毫安在胚胎干细胞分化和配子发生中的作用。

Role of mA in Embryonic Stem Cell Differentiation and in Gametogenesis.

作者信息

Lasman Lior, Hanna Jacob H, Novershtern Noa

机构信息

The Department of Molecular Genetics, Weizmann Institute of Science, Rehovot 7610001, Israel.

出版信息

Epigenomes. 2020 Mar 14;4(1):5. doi: 10.3390/epigenomes4010005.

DOI:10.3390/epigenomes4010005

PMID:34968239

原文链接:https://pmc.ncbi.nlm.nih.gov/articles/PMC8594681/

Abstract

The rising field of RNA modifications is stimulating massive research nowadays. mA, the most abundant mRNA modification is highly conserved during evolution. Through the last decade, the essential components of this dynamic mRNA modification machinery were found and classified into writer, eraser and reader proteins. mA modification is now known to take part in diverse biological processes such as embryonic development, cell circadian rhythms and cancer stem cell proliferation. In addition, there is already firm evidence for the importance of mA modification in stem cell differentiation and gametogenesis, both in males and females.

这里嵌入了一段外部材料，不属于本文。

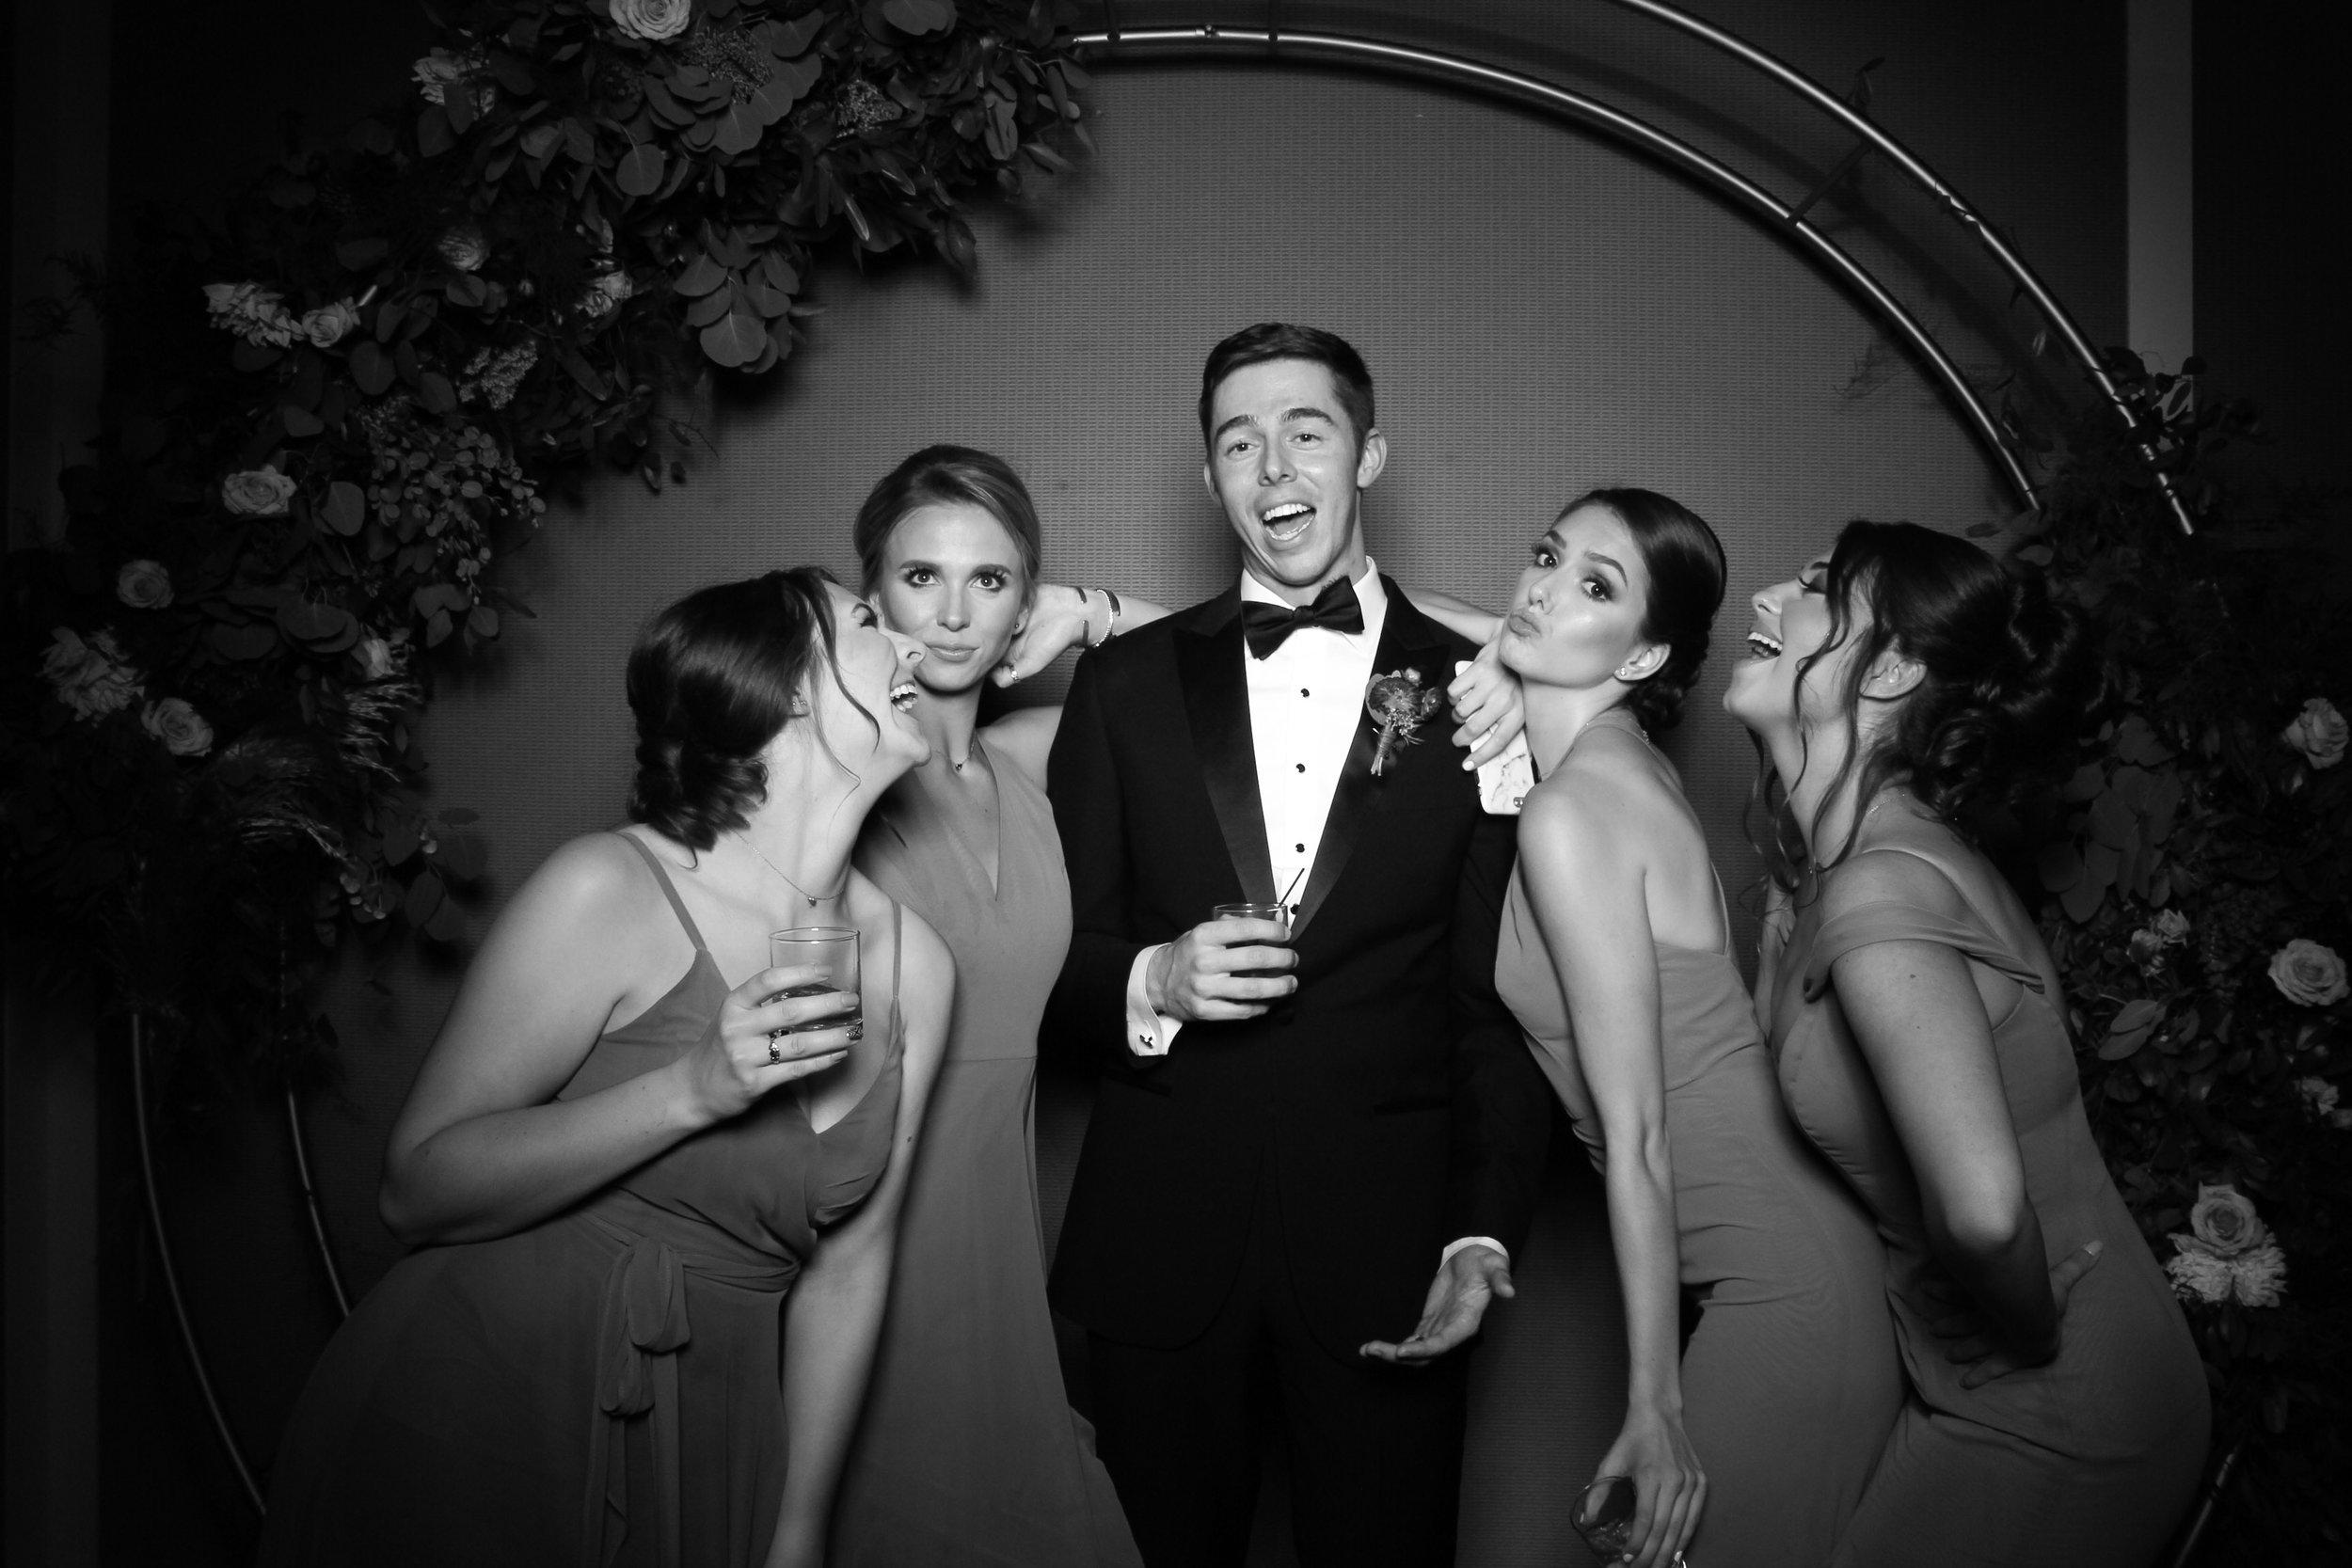 Metropolis_Ballroom_Wedding_Arlington_Heights_Photo_Booth_22.jpg

This review attempts to summarize the important results of recent years studying the mechanism underlying stem cell differentiation and gametogenesis processes.

摘要

如今，RNA修饰这一新兴领域正推动着大量研究。N6-甲基腺嘌呤（mA）是最丰富的mRNA修饰，在进化过程中高度保守。在过去十年中，人们发现了这种动态mRNA修饰机制的关键组成部分，并将其分为写入蛋白、擦除蛋白和读取蛋白。现在已知mA修饰参与多种生物过程，如胚胎发育、细胞昼夜节律和癌症干细胞增殖。此外，已有确凿证据表明mA修饰在男性和女性的干细胞分化和配子发生中具有重要作用。本综述试图总结近年来研究干细胞分化和配子发生过程潜在机制的重要成果。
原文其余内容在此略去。